Hierarchical discriminative learning improves visual representations of biomedical microscopy
Cheng Jiang, Xinhai Hou, Akhil Kondepudi, Asadur Chowdury, Christian, W. Freudiger, Daniel A. Orringer, Honglak Lee, Todd C. Hollon

TL;DR
This paper introduces HiDisc, a hierarchical discriminative learning method that leverages the patient-slide-patch hierarchy in biomedical microscopy to improve self-supervised visual representations for cancer diagnosis and mutation prediction.
Contribution
HiDisc is a novel hierarchical contrastive learning approach that explicitly models the data hierarchy, outperforming existing SSL methods in biomedical microscopy tasks.
Findings
HiDisc pretraining surpasses state-of-the-art SSL methods in cancer diagnosis.
HiDisc effectively learns from natural patch diversity without strong augmentations.

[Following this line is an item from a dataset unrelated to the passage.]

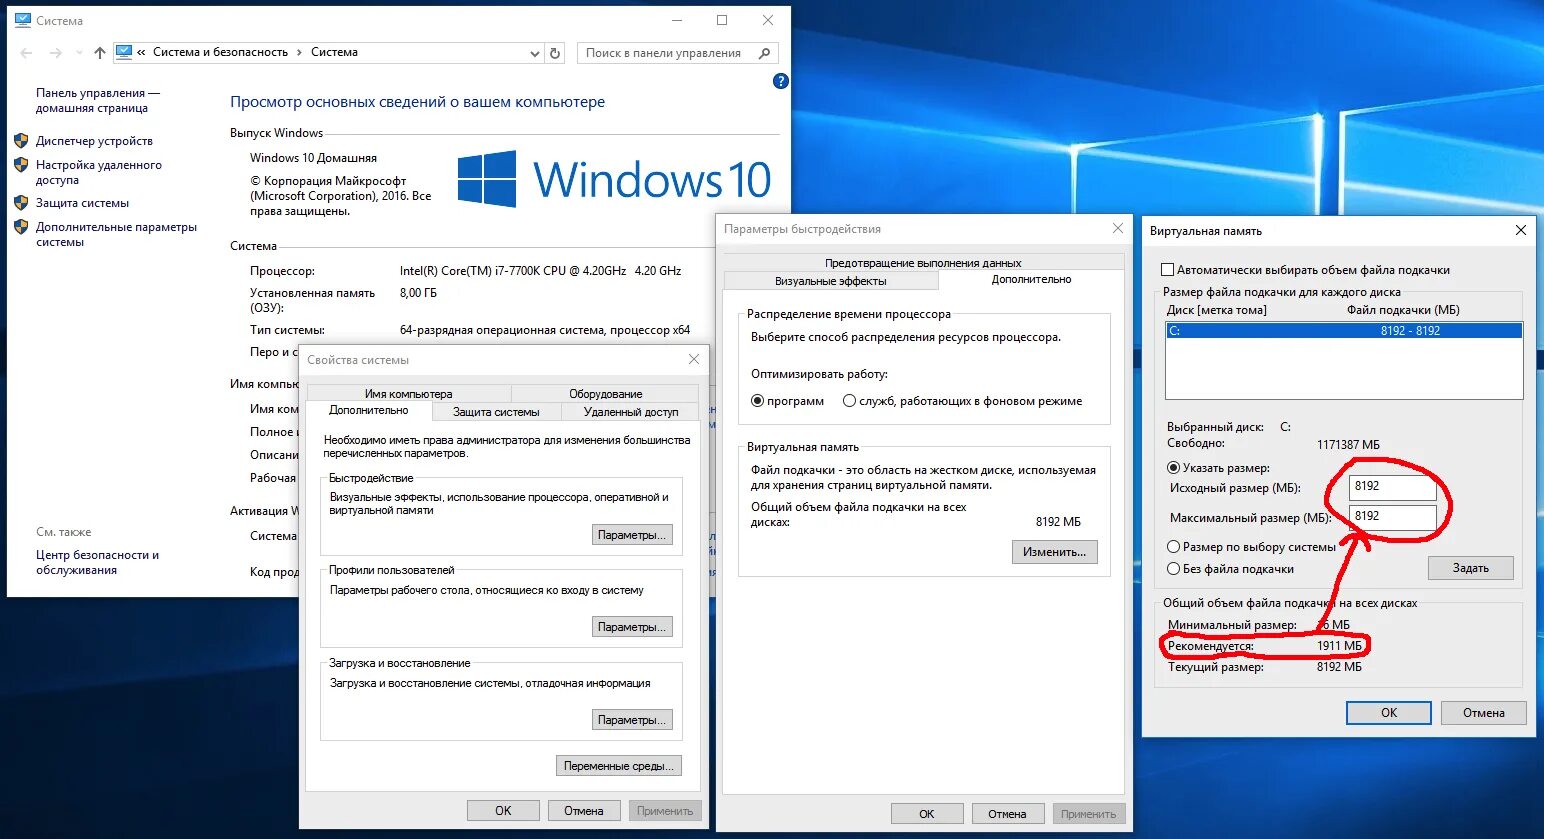 Виртуальная память виндовс 10. Файл подкачки win 10. Подкачка оперативной памяти Windows 10. Как поставить файл подкачки в виндовс 10. Увеличить подкачку памяти

HiDisc improves genetic mutation prediction accuracy.
Abstract
Learning high-quality, self-supervised, visual representations is essential to advance the role of computer vision in biomedical microscopy and clinical medicine. Previous work has focused on self-supervised representation learning (SSL) methods developed for instance discrimination and applied them directly to image patches, or fields-of-view, sampled from gigapixel whole-slide images (WSIs) used for cancer diagnosis. However, this strategy is limited because it (1) assumes patches from the same patient are independent, (2) neglects the patient-slide-patch hierarchy of clinical biomedical microscopy, and (3) requires strong data augmentations that can degrade downstream performance. Importantly, sampled patches from WSIs of a patient's tumor are a diverse set of image examples that capture the same underlying cancer diagnosis. This motivated HiDisc, a data-driven method that leverages…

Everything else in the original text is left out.